Currently, the Metropolitan Police Service is increasingly involved in responding to mental health crises and other health-related issues diverting officers from their core role of preventing and solving crime, supporting victims and bringing offenders to justice. This is while patients who need medical help are attended to by officers instead of expert healthcare professionals.
In London, police officers spend an average of 14.2 hours in hospital with patients when they are sectioned under the Mental Health Act while they wait for a medical professional to take over care. In March 2023 alone, officers spent 10,000 hours working on sectioning patients and in 2021/22, the Met received more than 78,000 mental health-related calls and more than 204,000 concerns for welfare calls.
‘Right Care, Right Person’ is a national scheme between local police services and the NHS so mental health patients receive the right care when they call an emergency service. The Met has been working closely with key health partners including the NHS and social care teams across London to ensure that they have planned for these changes. All agree this is in the best interests of patients.
The introduction of the new policy will mean officers continue to attend calls where there is an immediate risk to life – such as a person who may be at risk of taking their life, or threatening others harm – but calls will be triaged by 999 and 101 call handlers so a caller’s needs are better assessed to ensure the right service responds.
This will mean officers will:
- Not attending medical calls where a healthcare professional is more appropriate.
- No longer attend welfare checks for people who have missed a planned health appointment, check whether they have taken their medication, or to check on a person when the health or social care agency is not working.
- Will not look for people who have walked out of mental health facilities or left the hospital unless there is a policing reason.
- Always call for an ambulance to transport people who have been sectioned under the Mental Health Act instead of using a police van.
This will free up police officers to attend emergency calls where a crime has been, or is being, committed so they can catch suspects more quickly, gather evidence and better support victims.
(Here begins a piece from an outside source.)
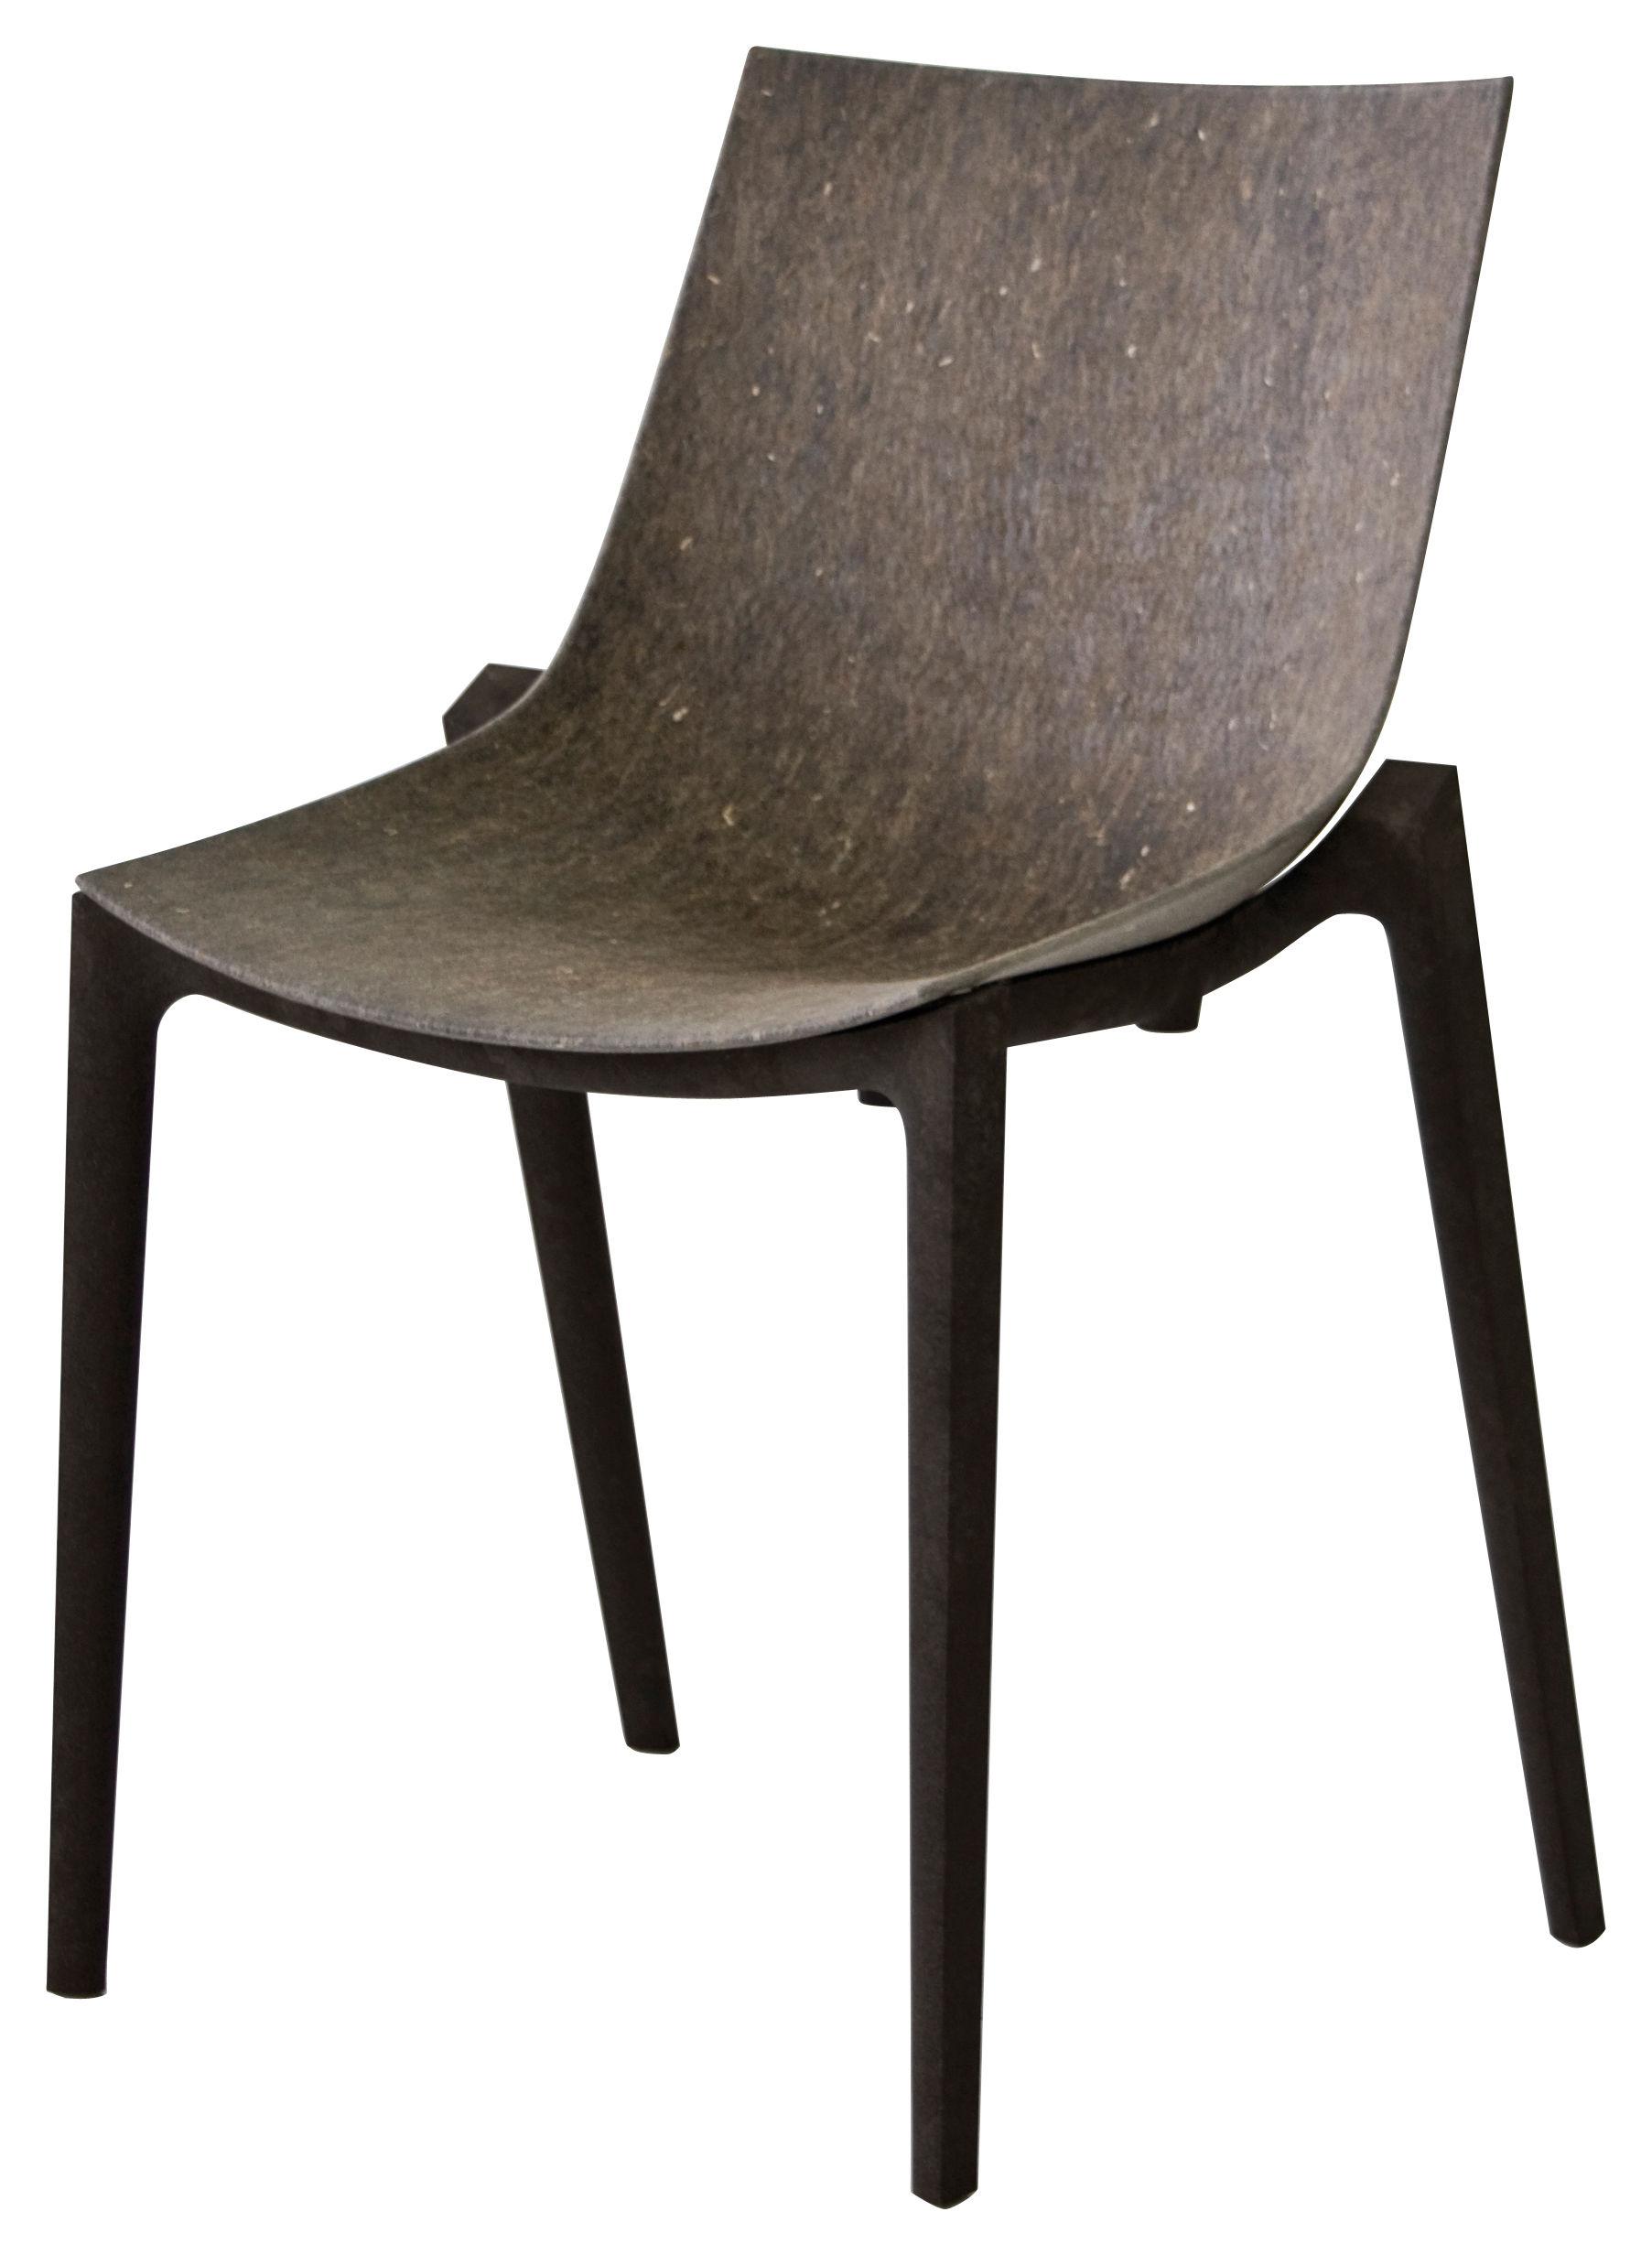 Furniture - Zartan Eco Stacking chair - Hemp fiber by Magis - Grey seat / Dark grey legs - Hemp fibre, Recycled polypropylene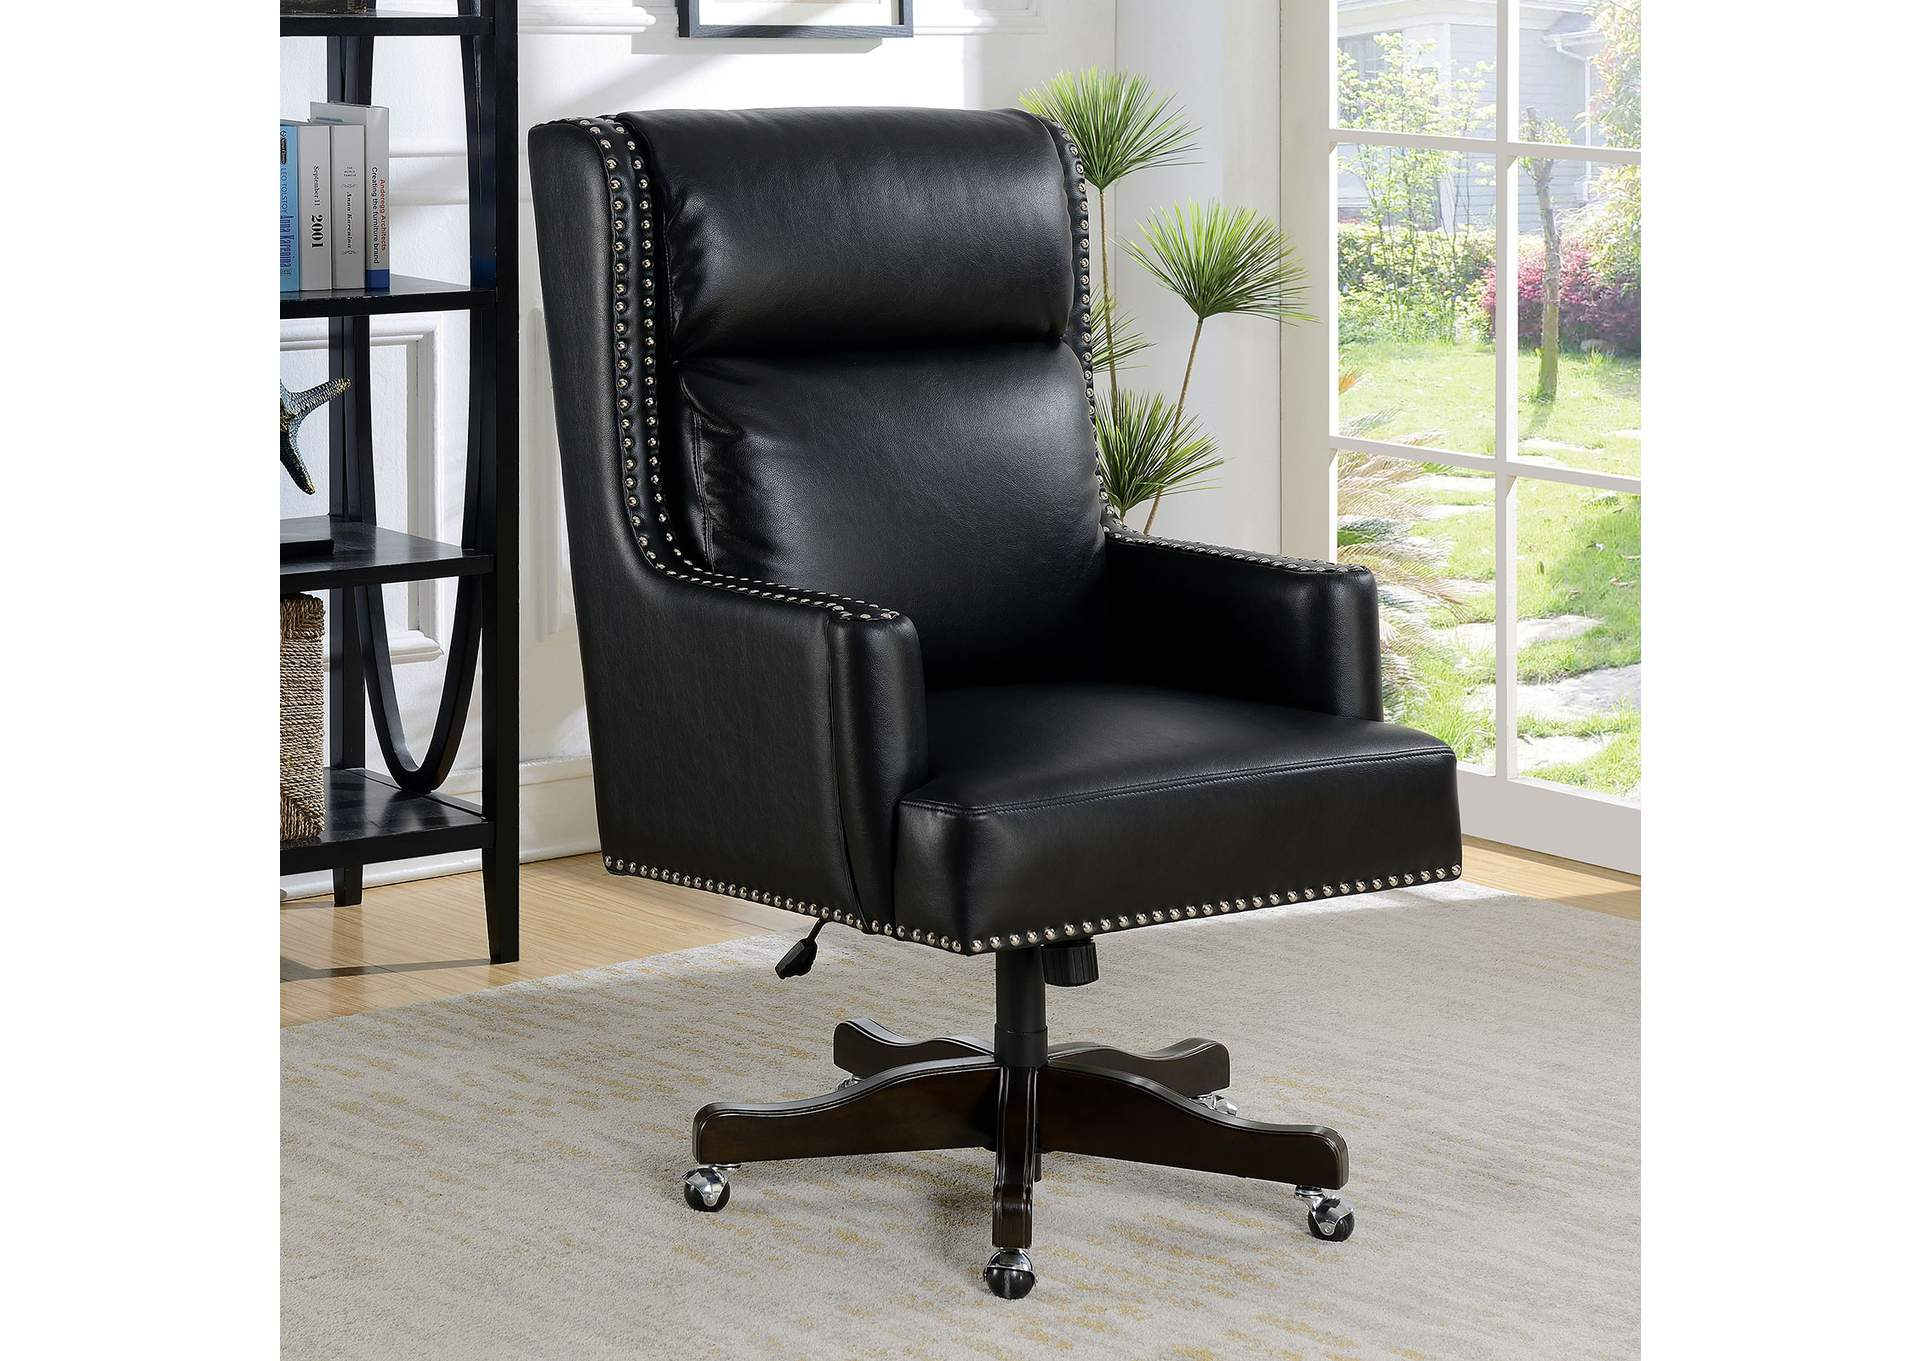 Quality Rugs Home Furnishings Federal Way Wa Bonner Black

This will allow officers more time to focus on policing priorities for communities across London, such as knife crime, robbery and violence against women and girls.
Assistant Commissioner Matt Twist, who leads ‘Right Care, Right Person’ in the Met, said: “People suffering with mental health issues deserve the right response from trained medical professionals and should not feel like they are being criminalised in their time of crisis or need. Too often the police are called as the default response to what are healthcare issues. This leads to the criminalisation of patients, adverse outcomes and a reduction in our ability to deliver core policing responsibilities.
“Our officers are compassionate and work under extremely difficult circumstances, but they are not trained to deliver mental health care and it is important people get the support they need from those who have the right skills.
“By ensuring the right care is delivered by the right person and support services, we can reduce demand on the police and focus our efforts on tackling the crime that matters to people and making our communities safer. We have worked closely with our partners in the NHS, London Ambulance Service and local authorities to get ready for the implementation of this national approach.
“I want to reassure Londoners that the Met will always attend incidents where there is a threat to life, and also where crime is being committed or a risk of a breach of the peace. People should continue to seek support when they need it and ‘Right Care, Right Person’ will support you to get the right service.”
Extensive training has taken place across our command-and-control (MetCC) teams who deal with 999 and 101 calls. They will be assessing incoming calls and will decide whether to deploy police or not. MetCC officers will look to see if a crime has been committed, if someone needs medical support and/or a patient has walked out from a health facility. The police will no longer accept a duty of care from other agencies where core policing responsibilities are not engaged.
The model was pioneered by Humberside Police and has proven hugely successful in reducing demand across all services, with the force seeing seven per cent of officer time freed up.
As the Met builds A New Met for London, the ‘Right Care, Right Person’ model will mean officers and staff can deal more effectively with community crime fighting.